To fix this problem, we need to allow gaps between two matched *q*-grams up to the edit distance threshold. That is, we treat two locations appearing only once as candidate locations if their difference is within the edit distance threshold. In our example, since the difference between the locations 2 and 3 is within the edit distance threshold 1, we generate both of the locations 2 and 3 as candidates.

The second problem is caused by indels occurring before any locations of matched prefix *q*-grams. If there are *d* deletions of bases in a reference sequence before the matched *q*-grams, we need to consider a subsequence starting at *l*−*d*, where *l* is a candidate location calculated from the matched *q*-grams. For example, consider a genome sequence *S*_{
g
}=GAGAGATCTGCATAA… and a read *r*=GAAGATCTGCATAA, where three underlined tri-grams GAT, TGC, and TAA in *G*(*r*) are selected as the prefix grams for an edit distance 1. As our technique returns location 1 in *S*_{
g
} for all the three *q*-grams, we use the location as a candidate and verify the genome subsequence *s* starting at the location. Because the edit distance between *r* and *s* is 2, we do not have a mapping of the read *r*. However, if we consider the subsequence starting from location 0 of *S*_{
g
}, we should be able to return the location 0 as a mapping location because the edit distance is 1 as depicted in Figure 3(b).
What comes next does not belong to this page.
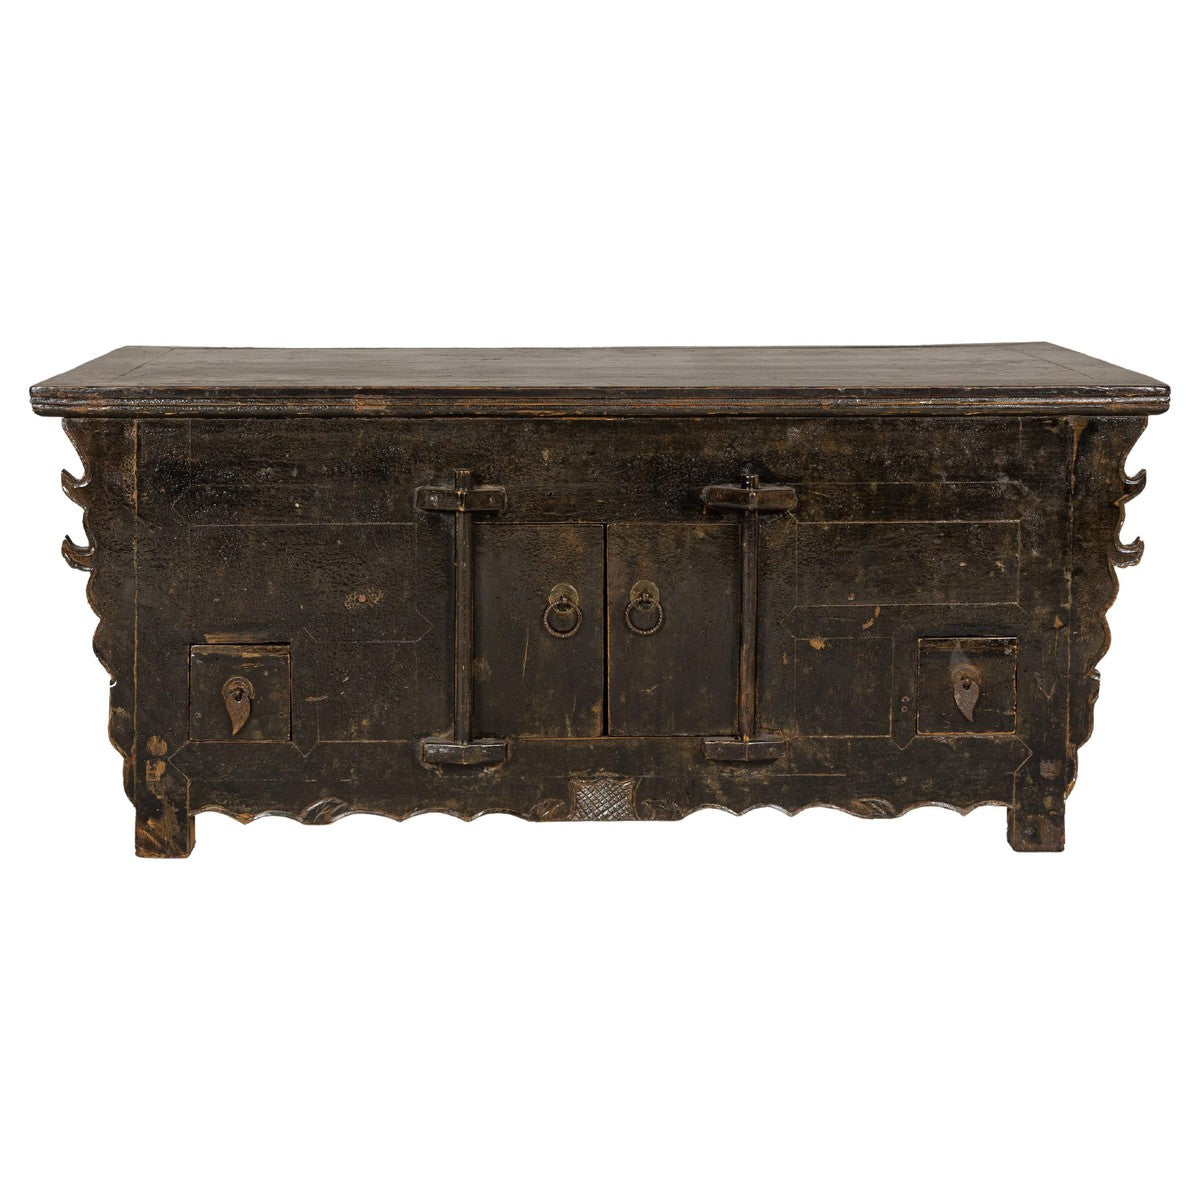 Low Kang Carved Sideboard with Brown Distressed Finish and Two Small Doors-YN7974-1. Asian & Chinese Furniture, Art, Antiques, Vintage Home Décor for sale at FEA Home

This problem is caused by the deletion of the underlined base G from *S*_{
g
}, which is located before the three matched grams GAT, TGC, and TTA.

By contrast, if there are *i* insertions of bases in a reference sequence before any locations of matched prefix *q*-grams, we need to consider a subsequence starting at location *l*+*i*, where *l* is a candidate location. For example, consider a genome sequence *S*_{
g
}=AGAAGATCTGCATAA… and a read *r*=GAGAGATCTGCATAA, where three underlined tri-grams are matched for an edit distance 1. Although location 0, which is calculated from the matched tri-grams, does not satisfy the edit distance threshold, we should be able to return location 1 as a mapping location as depicted in Figure 3(c). The underlined base G in *r* (or the insertion of the G into *S*_{
g
}) causes this problem.

Therefore, given an edit distance threshold *k* and a candidate starting location *l*, a potential match can start at any location between *l*−*k* and *l*+*k*. Similarly, indels can also occur after matched prefix *q*-grams. Given a candidate ending location *c*, a potential match can end at any location between *c*−*k* and *c*+*k*. So altogether, we need to consider a verification window from *l*−*k* to *c*+*k* to find all potential matches (Figure 3(d)). However, because the verification time based on sequence alignment is proportional to the size of the verification window, enlarging the window at both ends by *k* is computationally expensive. In Hobbes2, we adopt the following heuristic to improve the mapping speed: We first use the verification window [ *l*,*c*+*k*] (Figure 3(d)), and run a semi-global banded alignment algorithm to identify all potential matches located within this window. If this verification window yields no matches, we then consider the verification window [ *l*−*k*,*c*]. This approach could potentially miss some true mappings that start before *l* and at the same time end after *c*. However, empirically we found that those mappings are relatively rare and do not significantly impact the accuracy of our algorithm.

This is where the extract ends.